Lepidocrocite and goethite are the first amorphous iron oxyhydroxides that appear upon oxidation of iron. High corrosion rates are initially observed. Then an essential chemical reaction intervenes: slag and unreduced iron oxides (second phase particles) in the iron microstructure alter the polarization characteristics and enrich the metal–scale interface with P, thus indirectly promoting passivation of the iron (cessation of rusting activity). The second phase particles act as a cathode, and the metal itself serves as anode, for a mini-galvanic corrosion reaction during environment exposure. Part of the initial iron oxyhydroxides is also transformed into magnetite, which somewhat slows down the process of corrosion. But the ongoing reduction of lepidocrocite, and the diffusion of oxygen and complementary corrosion through the cracks and pores in the rust, still contribute to the corrosion mechanism from atmospheric conditions.
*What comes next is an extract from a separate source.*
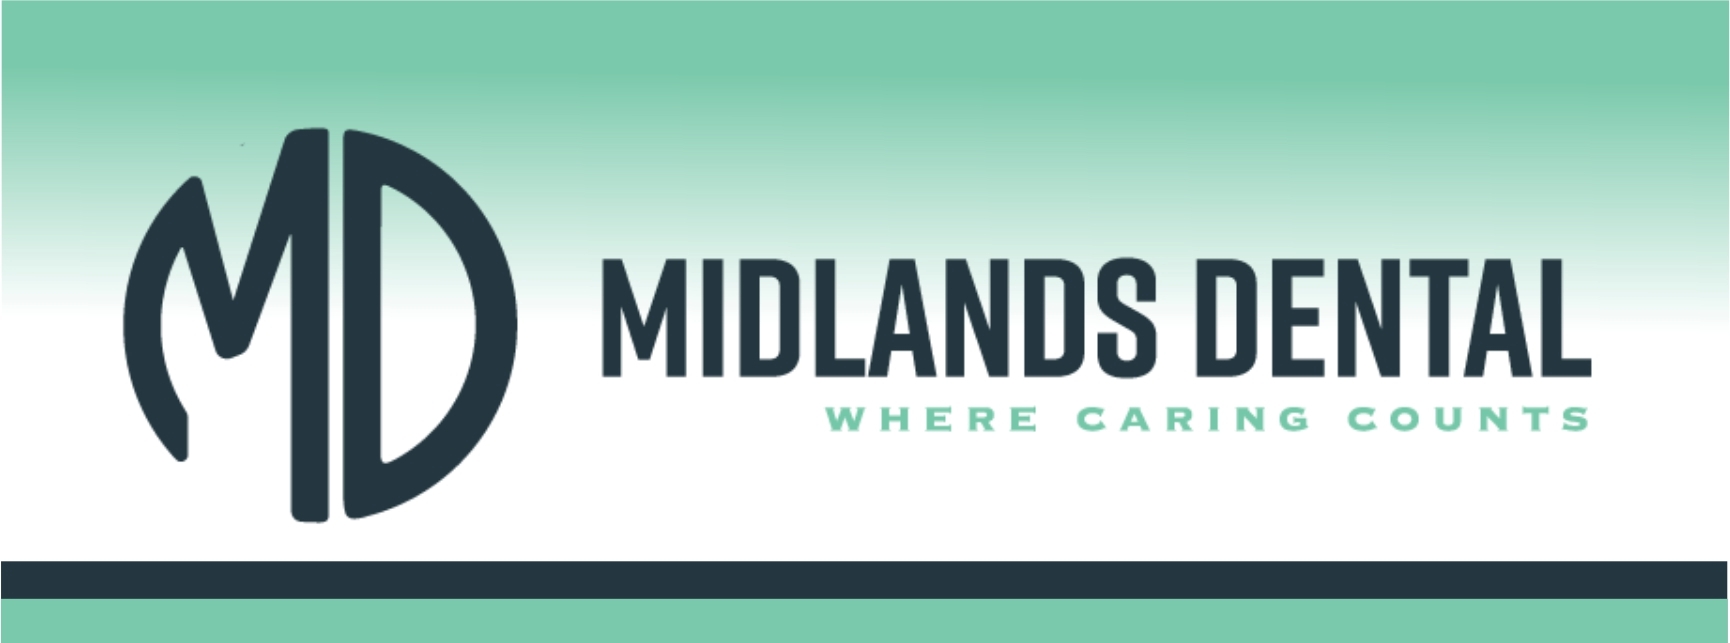 Company logo of Midlands Dental LLC

The next main agent to intervene in protection from oxidation is phosphorus, enhanced at the metal–scale interface by the same chemical interaction previously described between the slags and the metal. The ancient Indian smiths did not add lime to their furnaces. The use of limestone as in modern blast furnaces yields pig iron that is later converted into steel; in the process most phosphorus is carried away by the slag. The absence of lime in the slag, and the deliberate use of specific quantities of wood with high phosphorus content (for example Cassia auriculata) during the smelting, induces a higher P content (> 0.1%, average 0.25%) than in modern iron produced in blast furnaces (usually less than 0.05 per cent). There is also more phosphorus as solid solution throughout the metal than in the slags (one analysis gives 0.10% in the slags for 18% in the iron itself, for a total P content of 0.28% in the metal). This high P content and particular repartition are essential catalysts in the formation of a passive protective film of “misawite” (d-FeOOH), an amorphous iron oxyhydroxide that forms a barrier by adhering next to the interface between metal and rust. Misawite, the initial corrosion-resistance agent, was thus named because of the pioneering studies of Misawa and co-workers on the effects of P and Cu and those of alternating atmospheric conditions, in rust formation.
The most critical corrosion-resistance agent is iron hydrogen phosphate hydrate (FePO4-H3PO4-4H2O) under its crystalline form and building up as a thin layer next to the interface between metal and rust. Rust initially contains iron oxide/oxyhydroxides in their amorphous forms. Due to the initial corrosion of metal, there is more P at the metal–scale interface than in the bulk of the metal. Alternate environmental wetting and drying cycles provide the moisture for phosphoric acid formation. Over time the amorphous phosphate is precipitated into its crystalline form (the latter being therefore an indicator of old age, as this precipitation is a rather slow happening). The crystalline phosphate eventually forms a continuous layer next to the metal, which results in an excellent corrosion resistance layer. In 1,600 years the film has grown just one-twentieth of a millimetre thick.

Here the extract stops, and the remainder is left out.